We embussed at short notice on the evening of 25th August and spent the remainder of the night and next day in trenches near Proyart taking over the front line from the 10th Battalion (1st Division) at Cappy on the evening of 26th. Immediately commenced a series of peaceful penetrations in which we gained about three-quarters of a mile to a mile off the Hun for two succeeding nights finishing up by capturing the village of Frise, with 50 prisoners, on the afternoon of the 28th. During these operations we were closely followed up by the 5th Brigade, R.H.A., who proved very keen gunners. They would fire on any target we liked to give them, provided we would take the risk of being hit ourselves. They never hit us and we gave them some pretty ticklish targets, which speaks well for their shooting.

The 5th Brigade went through us on the evening of the 28th and after a night’s rest near Cappy, we moved forward after the retreating Hun, who was expecting to make a stand at Mont St. Quentin. We stayed near Frise, on the Somme Canal till the 31st when the 5th Brigade attacked Mont St. Quentin. Although unable to hold the village, they gave the Hun a terrible shaking and established themselves strongly half way up the hill. This extraordinary feat coupled with the success of the 3rd Division, we took the high ground to the north of Feuillaucourt and made it possible for the 6th Brigade to attack the position again at 5 am. On the 1st September, in conjunction with the 14th Brigade on the right and the 11th on the left. The attack was delivered by the 23rd and 24th Battalions with the 21st in support, with out the usual creeping barrage, but with artillery shooting on selected points. Like the 5th Brigade on the previous day, the attacking troops had to fight their way to their assembly positions. The attack carried our line well up the hill where the leading troops found parties of the 5th Brigade who had been surrounded all night. The 14th Brigade, on the right got into Peronne after hard fighting.
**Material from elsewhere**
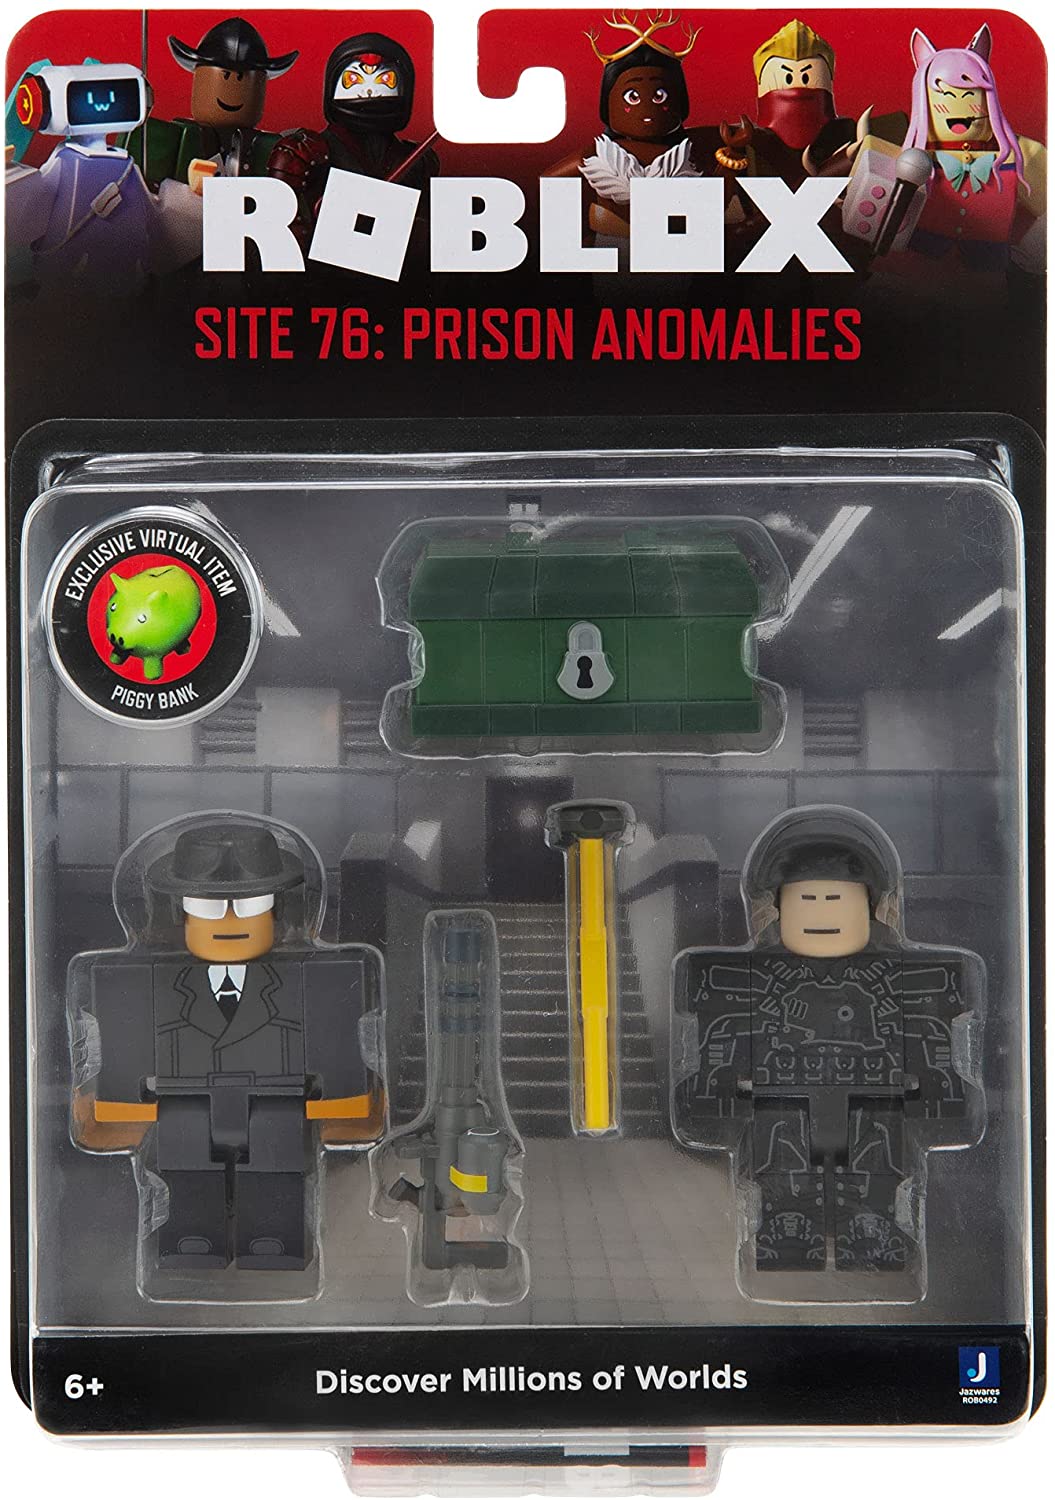 Roblox Action Collection - Site 76: Prison Anomalies Game Pack [Includes Exclusive Virtual Item]
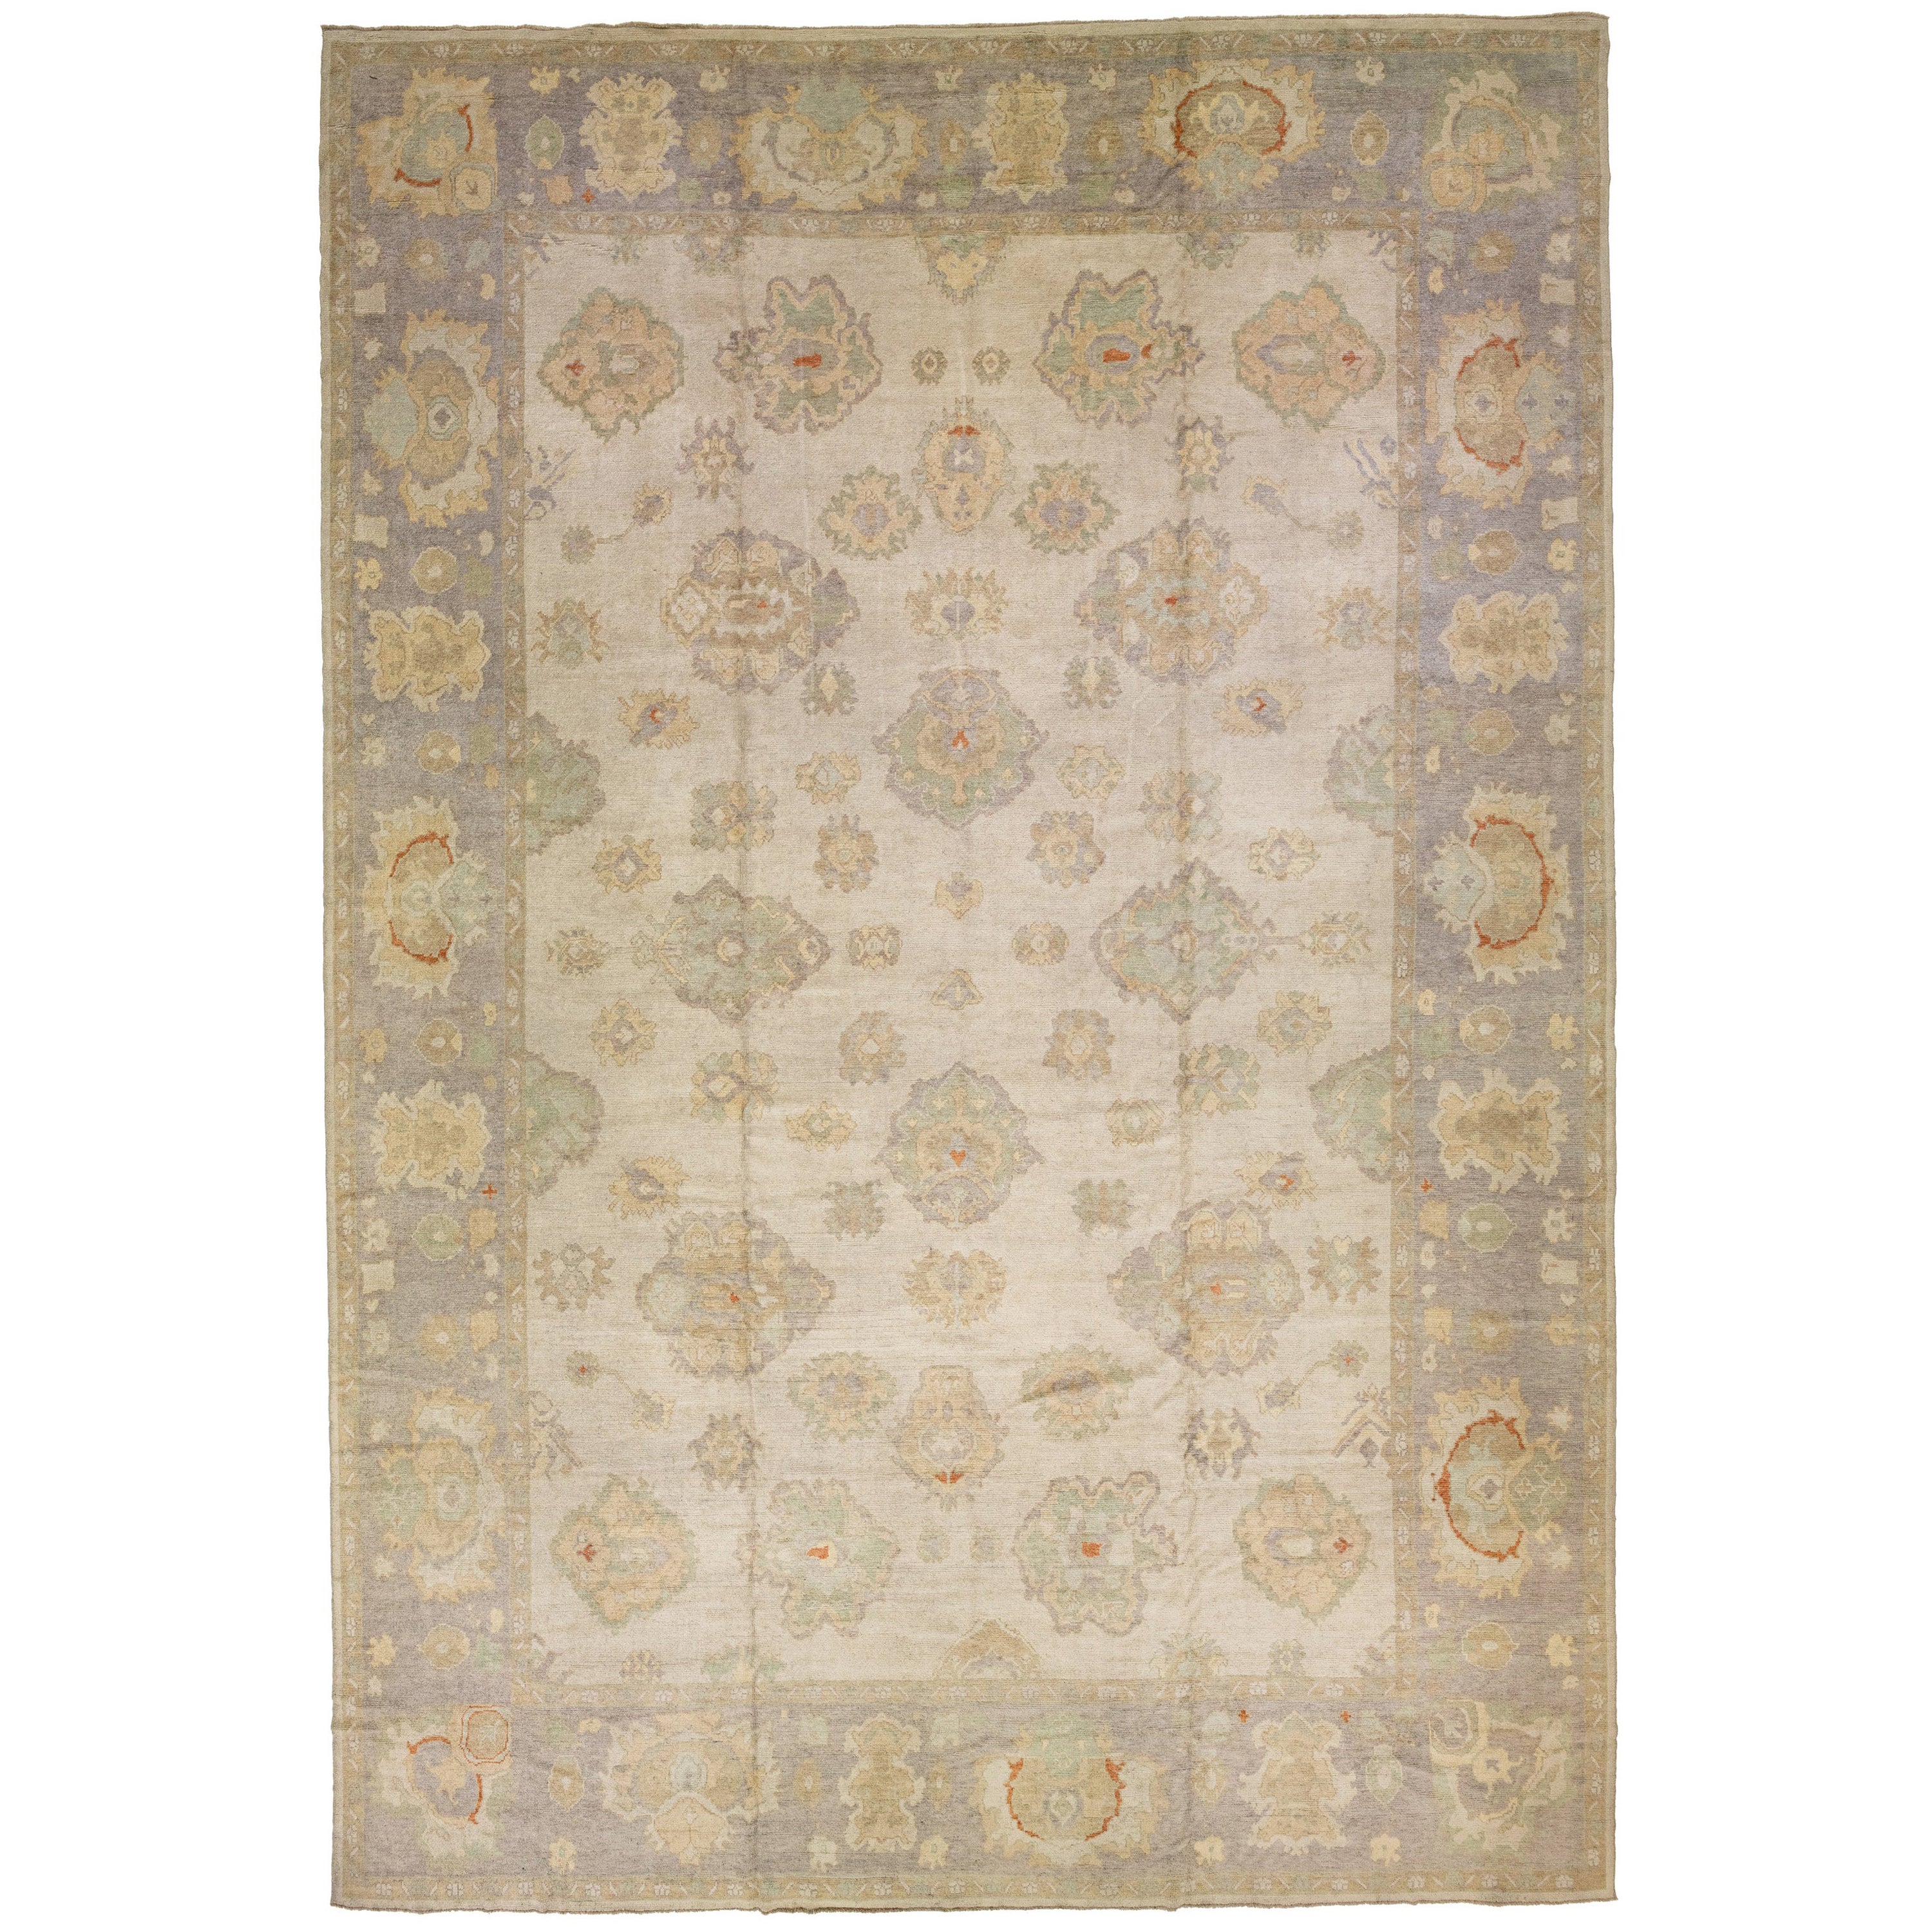 Oversize Handmade Contemporary Oushak Wool Rug In Beige with Floral Motif For Sale

At 1.30 pm after half an hours hurricane bombardment of the hilltop, our Battalion reinforced the fighting line and with the 23rd and 24th finished off the job. After further heavy fighting we cleared the village and established ourselves on the far side of it. For a splendid account of this action see Mr. Cutlack’s book. To quote from a message received from the Corps Commander:- "The capture of Mont St. Quentin has evoked a chorus of praise from the press of the world as the finest single feat of the war".

The 7th Brigade advanced through us on the morning of the 2nd September and inflicted another severe defeat on the Hun, after which he set off hot foot for his next defensive position, the Hindenburg line. We took few prisoners, our numbers being so small and the Huns fighting so desperatly, prevented us doing so. We, however captured 58 machine guns and many senior officers were of the opinion that there were more dead Huns after Mont St. Quentin than any other battle on the Battalion front. Our Casualties from 31st August to 4th September, when we were withdrawn were:-

Officer, 4 killed, 2 Wounded, total 6.

Other ranks, 19 killed, 77 wounded, total 96.